Если же я не унимался и слишком настойчиво выспрашивал Куртхена про

источник, Мария шлепала ладонью по ведерку с медом и возмущалась до самых

локтей, выступая одновременно и против меня, и против Густы, которая тоже

иногда поддерживала мои по пытки выявить источник: "Оба вы хороши. Хотите

испортить мальчику всю торговлю. А сами, между прочим, с нее живете! Как я

подумаю про парочку калорий, которые выдают Оскару по болезни и которые он в

два дня подметает, так мне прямо плакать хочется, а я не плачу, я смеюсь".

Оскар не может не признать: в ту пору у меня был отменный аппетит, и

лишь благодаря источнику Курта, который приносил больше, чем искусственный

мед, Оскар мог набраться сил после скудного больничного рациона.

Вот почему отец должен был сконфуженно помалкивать и с приличной суммой

карманных денег, которые он получал благодаря детскому великодушию того же

Куртхена, стал как можно чаще покидать квартиру в Бильке, чтобы не быть

свидетелем этого позора.

Многочисленные благоденствующие критики экономического чуда утверждают

сегодня -- и чем меньше воспоминаний у них сохранилось, тем более

восторженно звучат их голоса: "О, это удивительное время перед денежной

реформой! Тогда была хоть какая-то жизнь! Люди с пустым желудком стояли --

несмотря ни на что -- в очереди за театральными билетами! А на скорую руку

сымпровизированные вечера под картофельную водку были просто изумительны и

удавались куда лучше, чем всякие там фуршеты с шампанским и дю-жарденом, как

их устраивают сегодня".

Так рассуждают романтики упущенных возможностей. Мне, по совести, тоже

надо бы так причитать, ибо в те годы, когда бил кремневый источник Куртхена,

я почти бесплатно с тысячами таких же желающих наверстать либо пополнить

свое образование посещал курсы при общеобразовательной школе, сделался

завсегдатаем Британского культурного центра, именуемого "Мост", дискутировал

с католиками и протестантами по поводу коллективной вины, сознавал себя

совиновным со всеми, кто думал: надо разобраться именно сейчас, чтобы

спихнуть это с плеч и не мучиться угрызениями совести потом, когда дела

снова пойдут в гору.

Школе, во всяком случае, я обязан своим хоть и весьма скромным, но зато

блистательно неполным образованием. Я много тогда читал.

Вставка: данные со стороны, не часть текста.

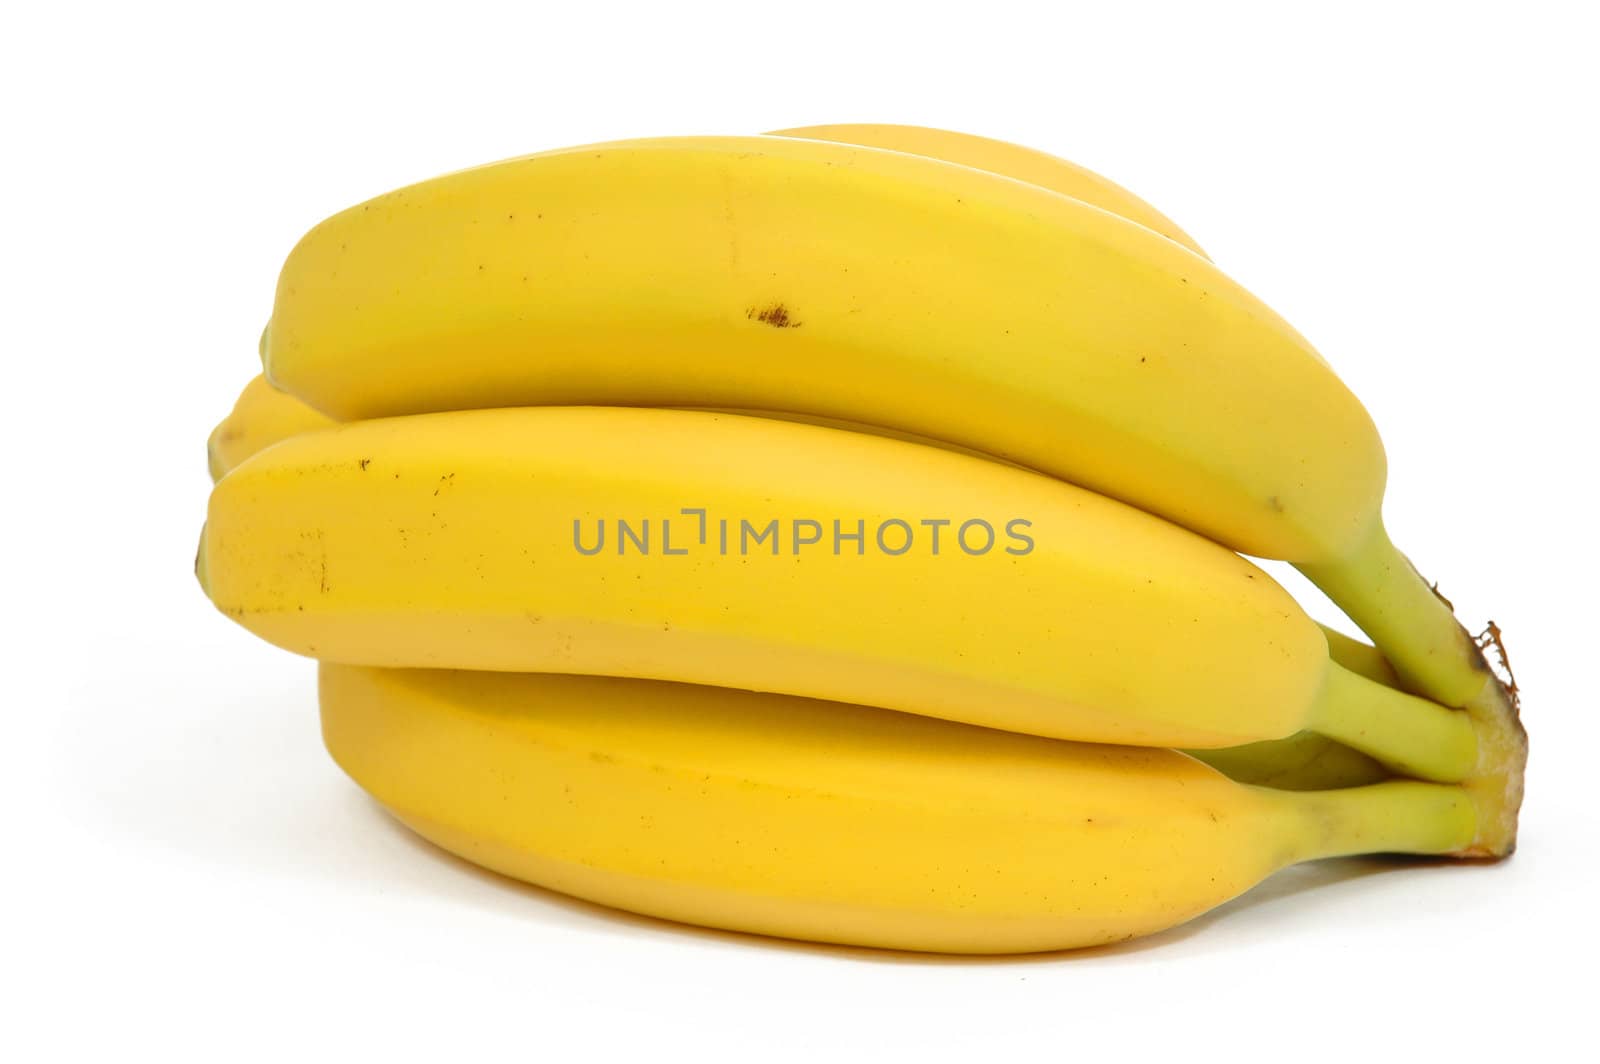 Yellow bananas in a bunch. The bananas are taken on a clrean white background.

Те книги, которых

до тех пор, пока я начал расти, вполне хватило бы, чтобы поделить весь мир

пополам между Гете и Распутиным, мои знания, почерпнутые из келеровского

Морского календаря с девятьсот четвертого по девятьсот шестнадцатый, меня

уже не удовлетворяли. Чего я только не читал тогда! Я читал в туалете. Я

читал, стоя в часовых очередях за театральными билетами, зажатый между

читающими девушками с моцартовскими косичками, я читал, пока Куртхен

торговал кремнями, читал, расфасовывая искусственный мед. А когда не было

света, читал между сальными свечами: благодаря источнику Куртхена, у нас

водились и свечи.

Стыдно признаться, но чтение тех лет не входило в меня, а проходило

сквозь меня. Впрочем, некоторые обрывки слов, тексты на клапанах

суперобложек во мне осели. Ну а театр? Имена артистов: Хоппе, Петер Эссер,

"р" в устах Фликкеншильд, ученицы театральной школы, которые на подмостках

студий пытались произносить это "р" лучше, чем сама Фликкеншильд, Грюндгенс,

который весь в черном играл Тассо, снимал с парика предписанный автором

лавровый венок, ибо "он волосы сжигает", и тот же самый Грюндгенс опять-таки

в черном, но уже как Гамлет. А Фликкеншильд еще говорит, что Гамлет тучен. И

череп Йорика произвел на меня впечатление, ибо Грюндгенс говорил про него

очень убедительные слова. Затем они играли перед потрясенной публикой "Там

за дверью" в нетопленных театральных залах, а я представлял себе на месте

Бекмана со сломанными очками Густиного мужа, вернувшегося домой Кестера,

который, по словам Густы, все здесь переменит и перекроет кремневый источник

моего сына Курта.

Сегодня, когда все это осталось позади, когда я понимаю, что хмельные

послевоенные годы именно хмельные и были и привели за собой похмелье, от

которого на душе скребут кошки и, надрывно мяукая, провозглашают историей

то, что еще вчера было для нас деянием либо злодеянием, кровавым и свежим,

сегодня я воздаю хвалу урокам Гретхен Шефлер между сувенирами от "Силы через

радость" и всевозможным самовязом: Распутина -- не слишком, Гете -- в меру,

кейзеровская история города Данцига в ключевых словах, оснащение

давным-давно затонувшего линкора, скорость в узлах всех задействованных в

битве под Цусимой японских торпедных катеров, далее Велизарий и Нарсес,

Тотила и Тейя, битва за Рим Феликса Дана.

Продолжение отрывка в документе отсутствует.